» **YOUR TASK**:
Exact wording is required for every entry; transcribe all of them and leave the images out.
============================================================
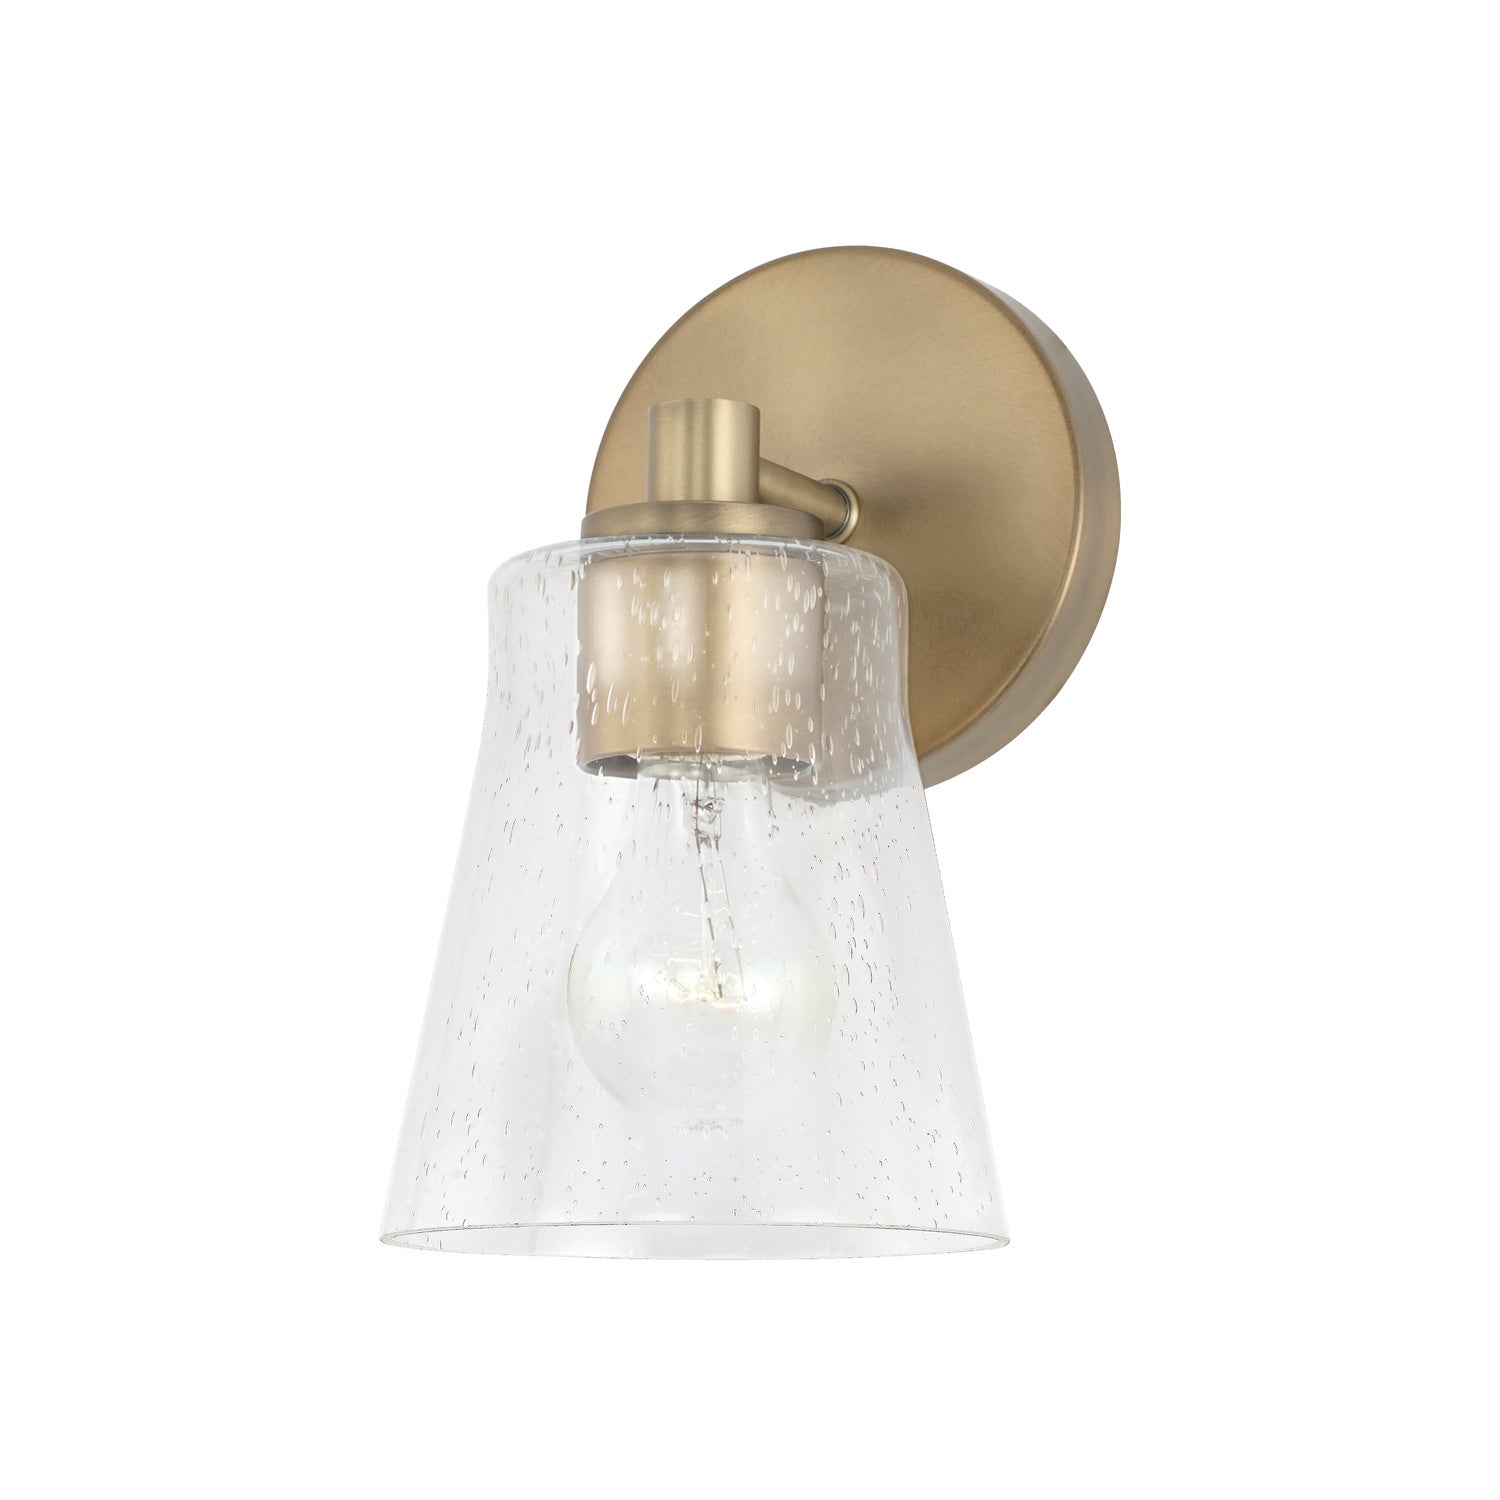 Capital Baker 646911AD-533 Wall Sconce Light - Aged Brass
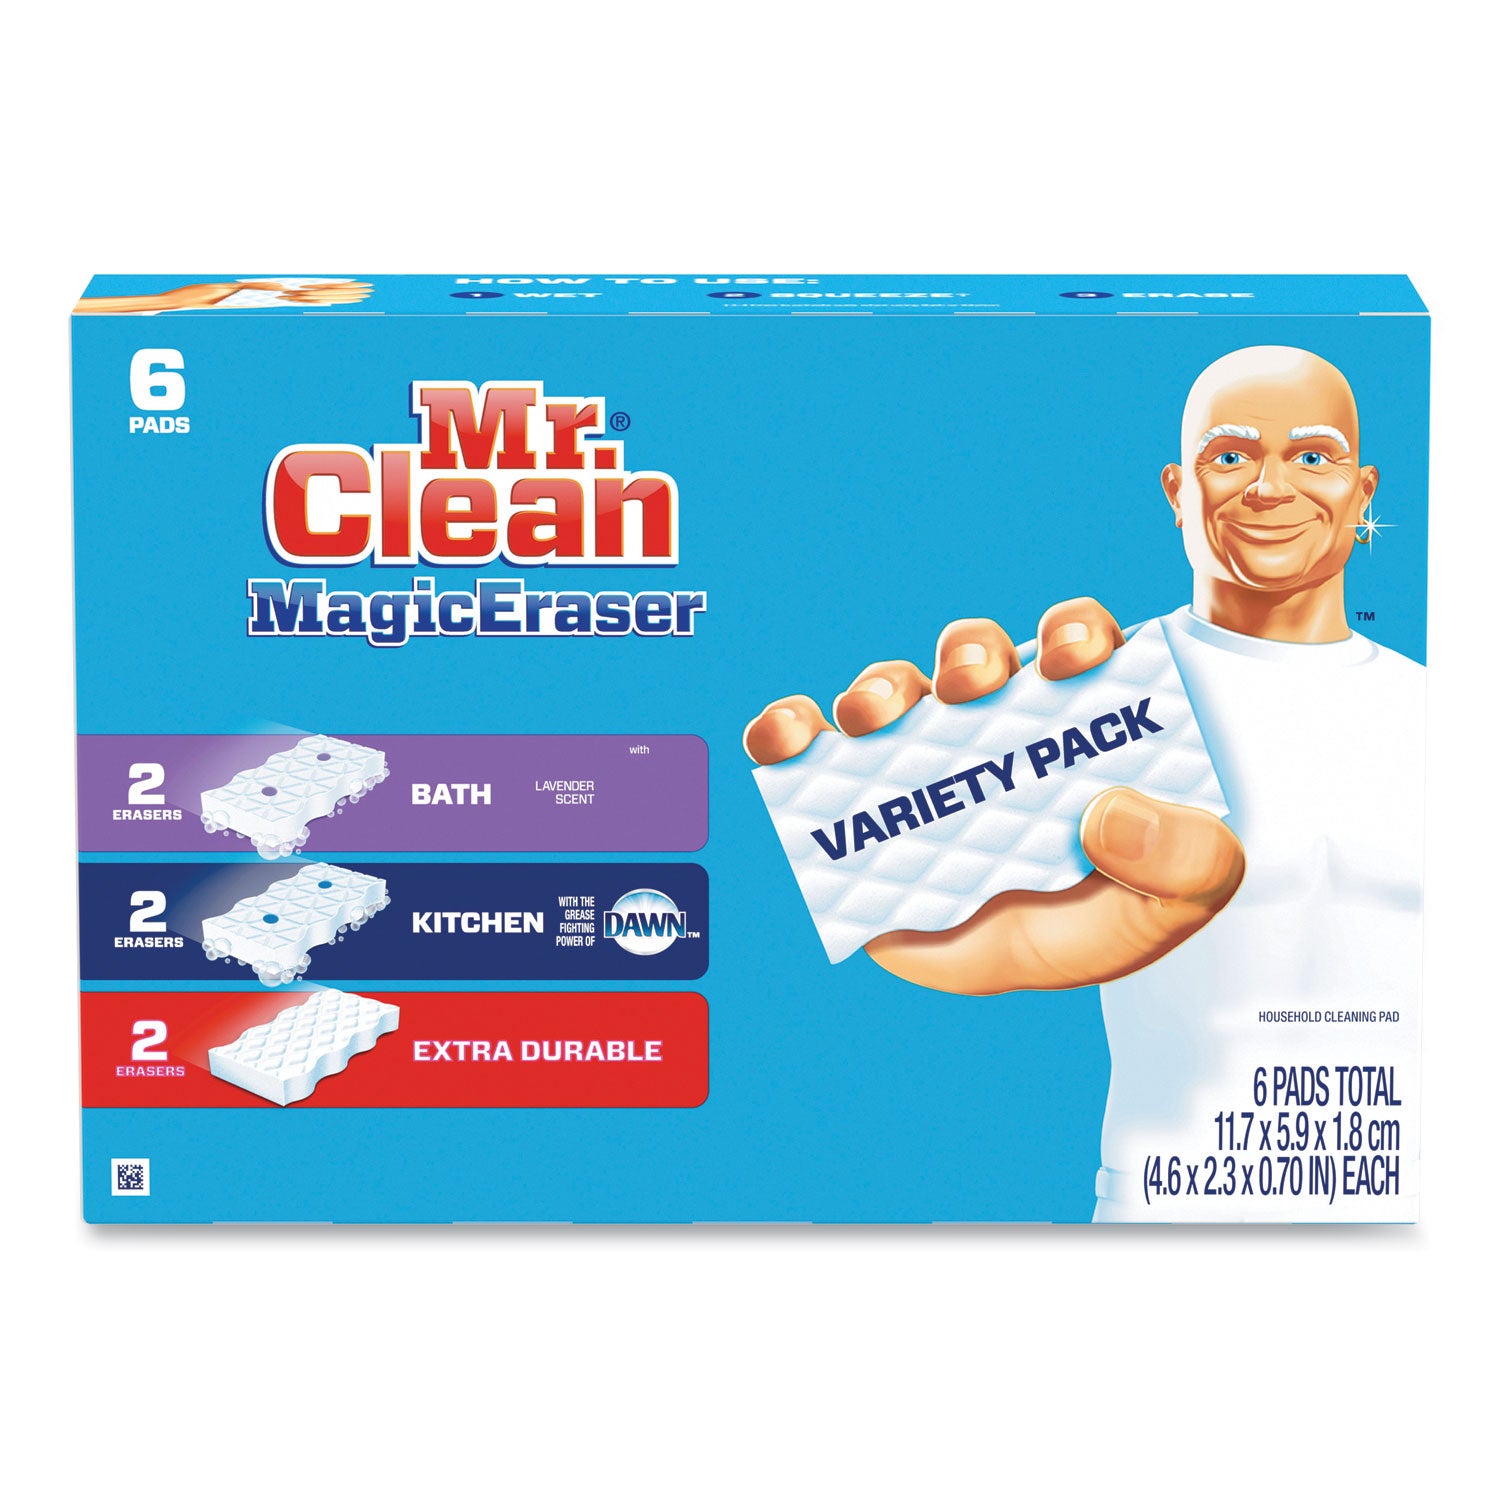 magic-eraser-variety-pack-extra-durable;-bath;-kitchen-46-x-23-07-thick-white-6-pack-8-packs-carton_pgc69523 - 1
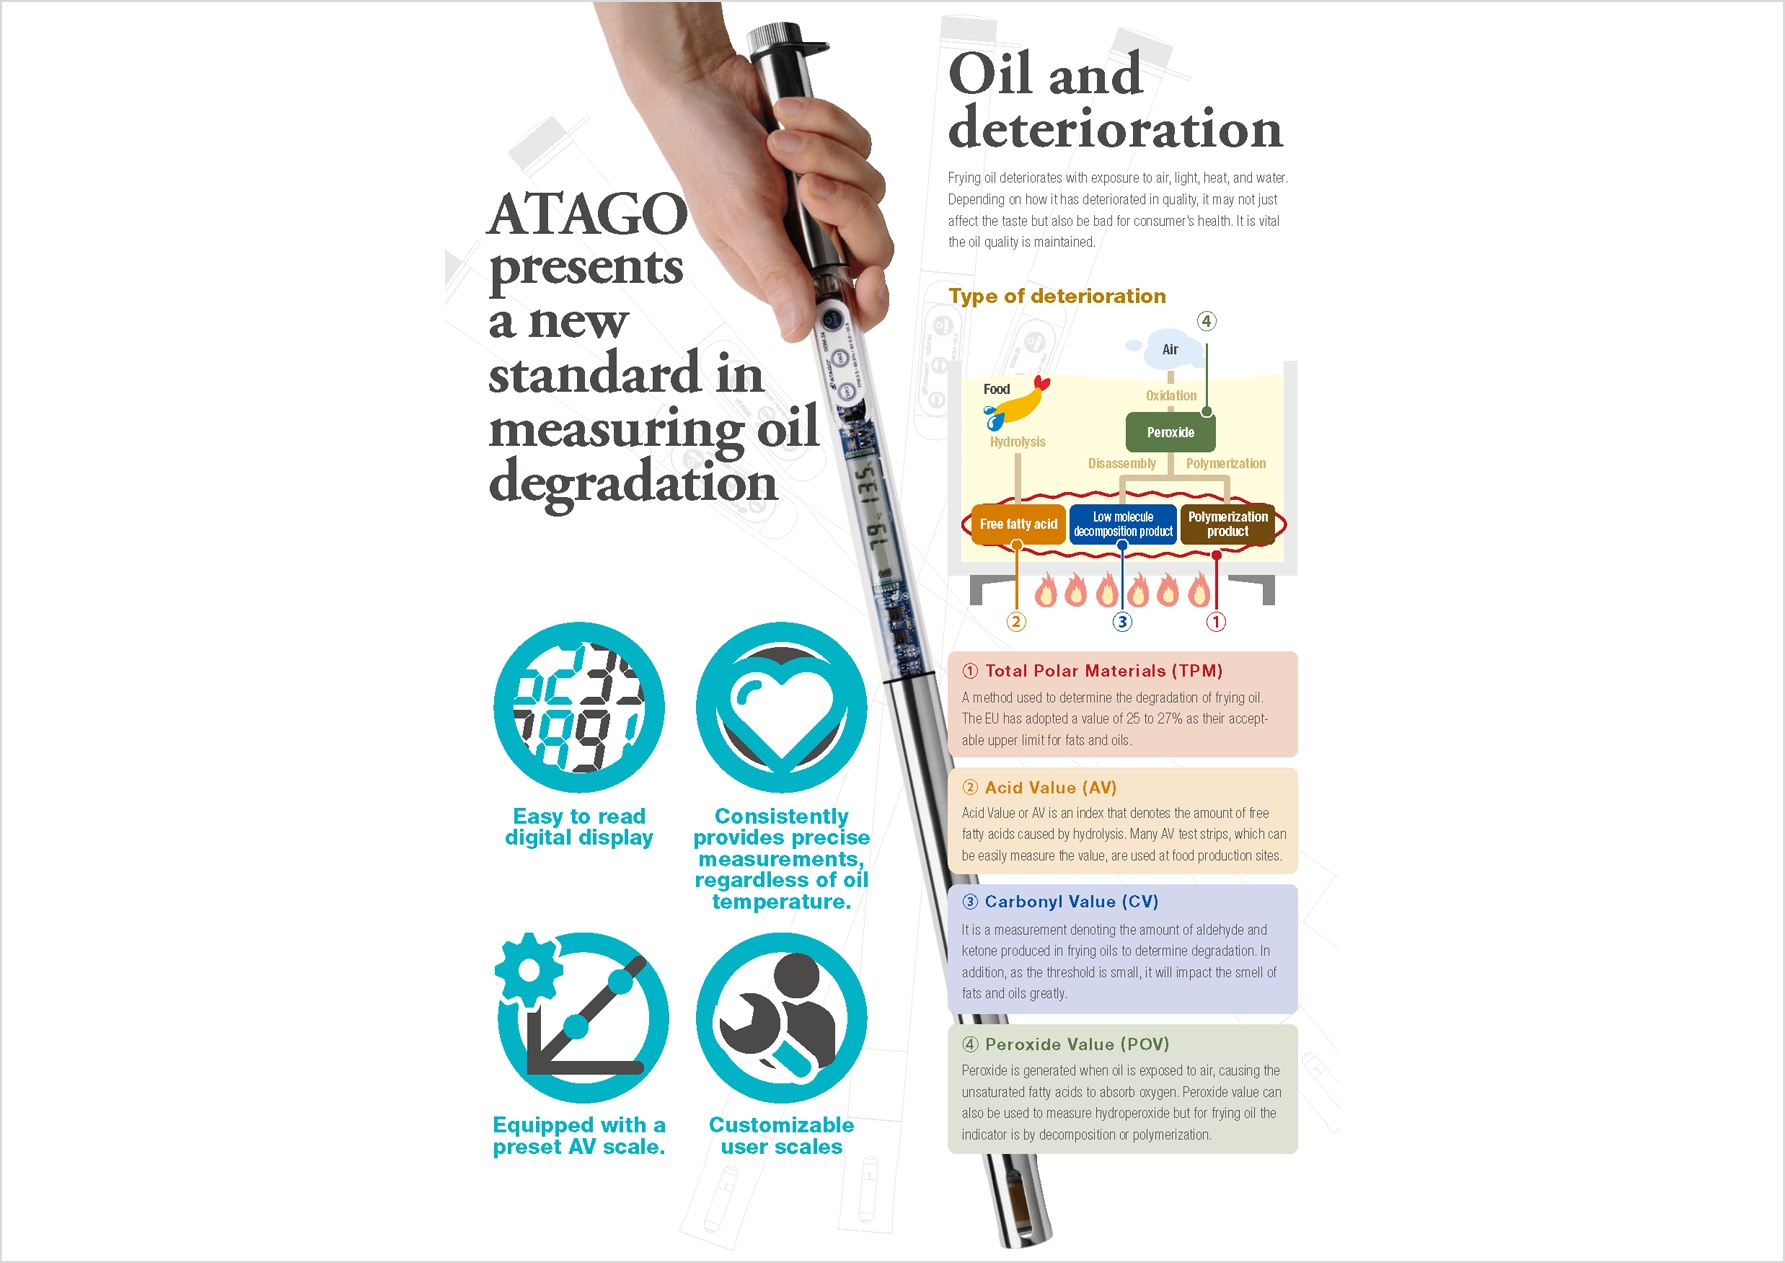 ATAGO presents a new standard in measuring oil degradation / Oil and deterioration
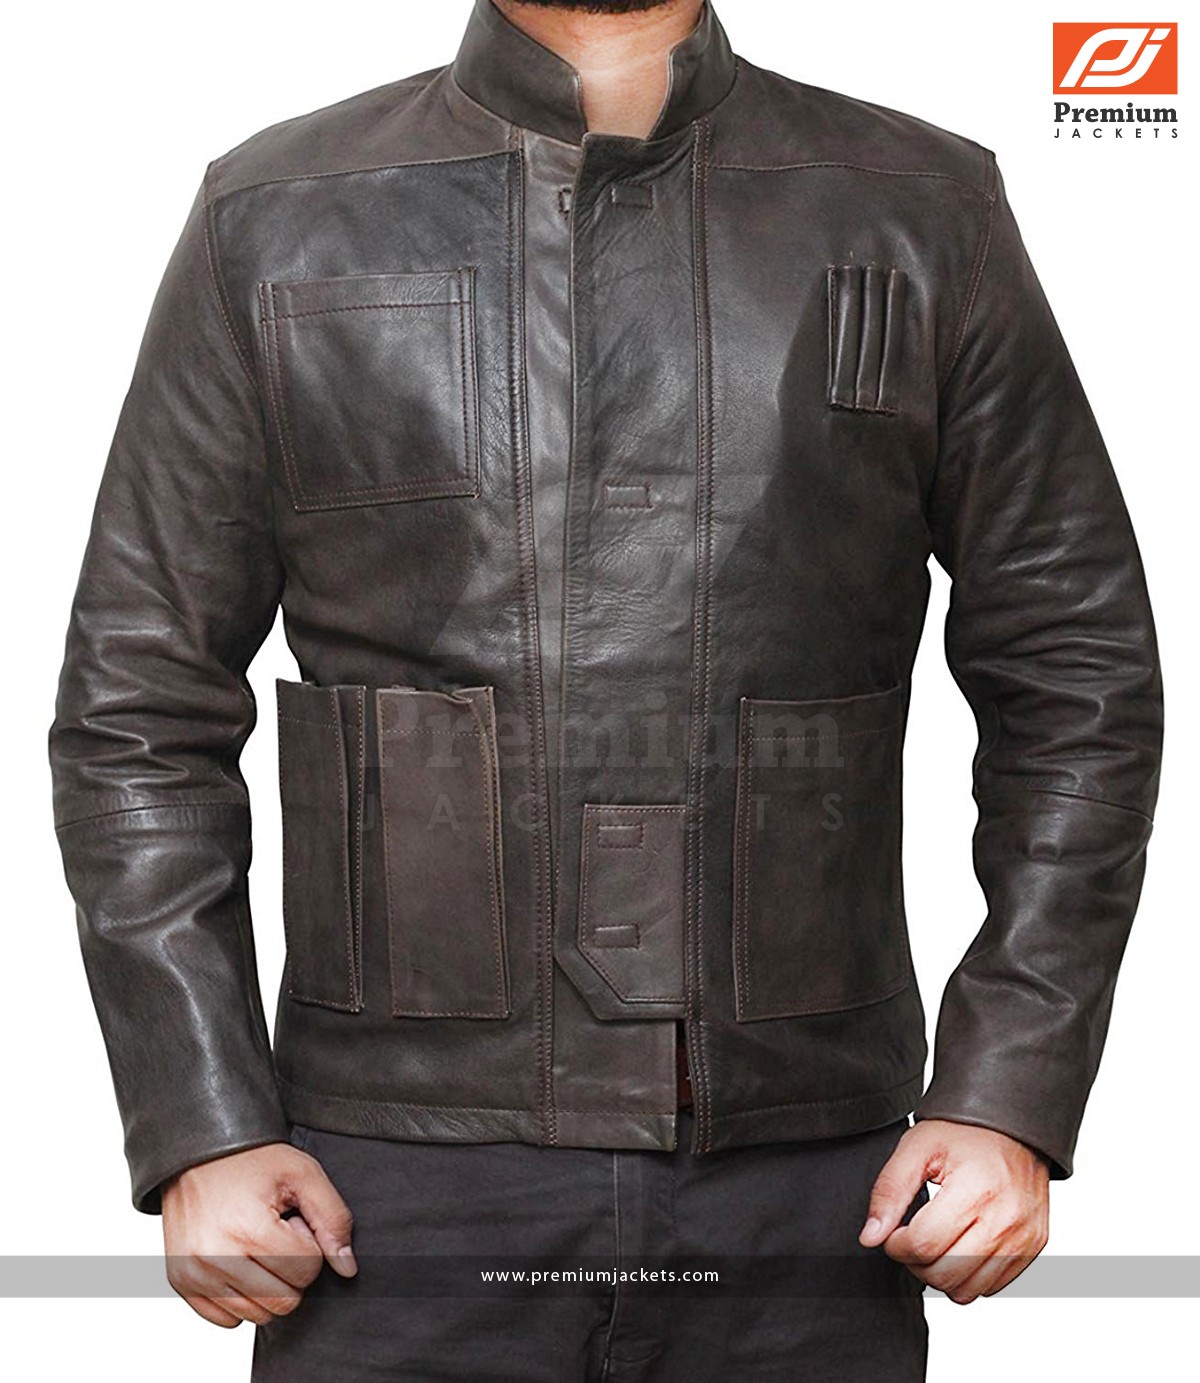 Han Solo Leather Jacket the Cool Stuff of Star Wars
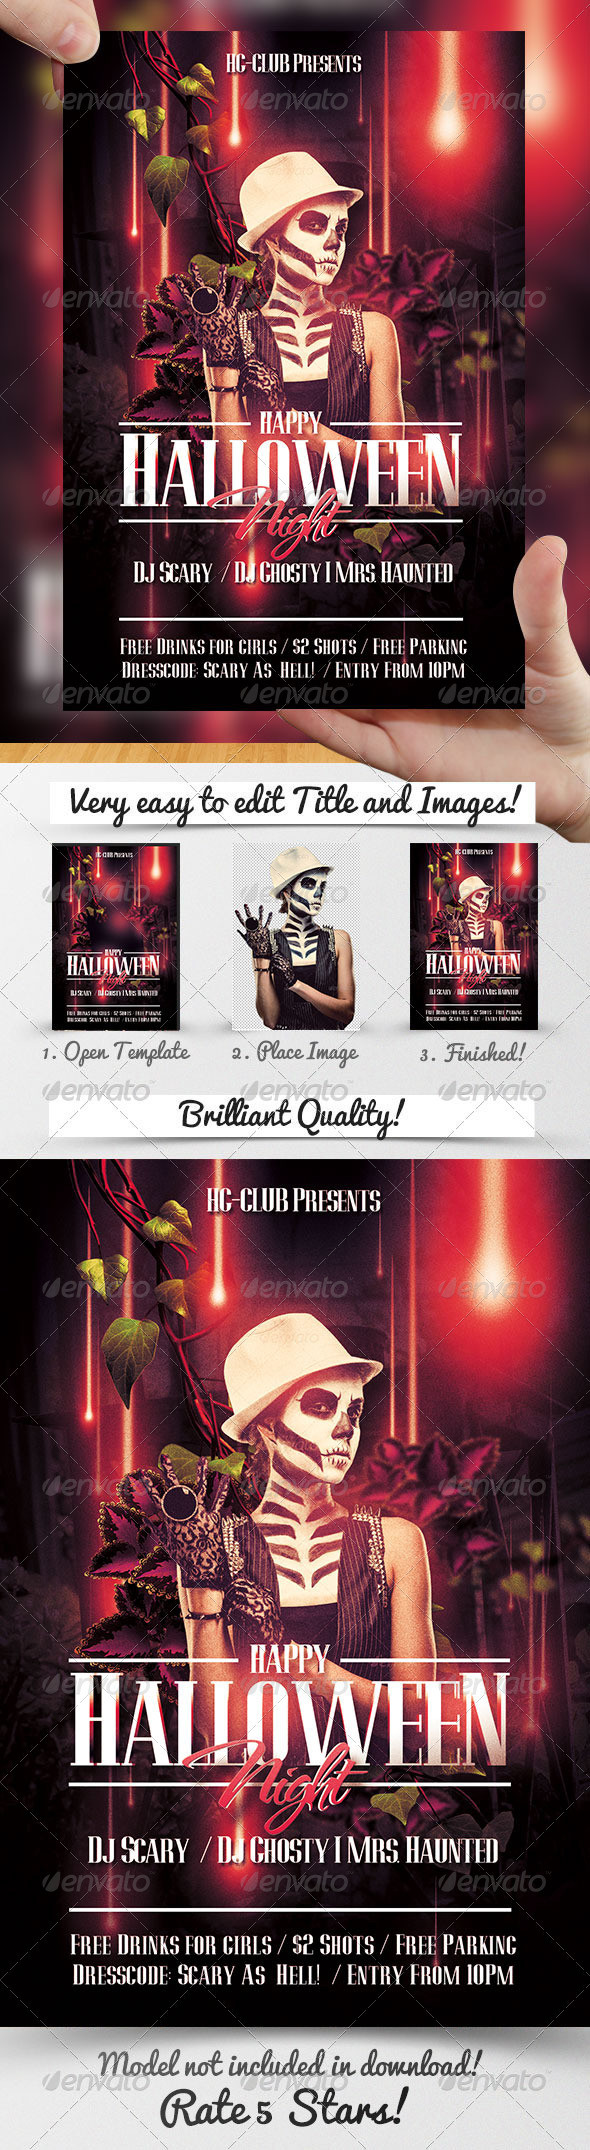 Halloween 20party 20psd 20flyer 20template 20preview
============================================================
» **YOUR SOLUTION**:
 Capital Baker 646911AD-533 Wall Sconce Light - Aged Brass
 magic-eraser-variety-pack-extra-durable;-bath;-kitchen-46-x-23-07-thick-white-6-pack-8-packs-carton_pgc69523 - 1
 ATAGO presents a new standard in measuring oil degradation / Oil and deterioration
 Han Solo Leather Jacket the Cool Stuff of Star Wars
 Halloween 20party 20psd 20flyer 20template 20preview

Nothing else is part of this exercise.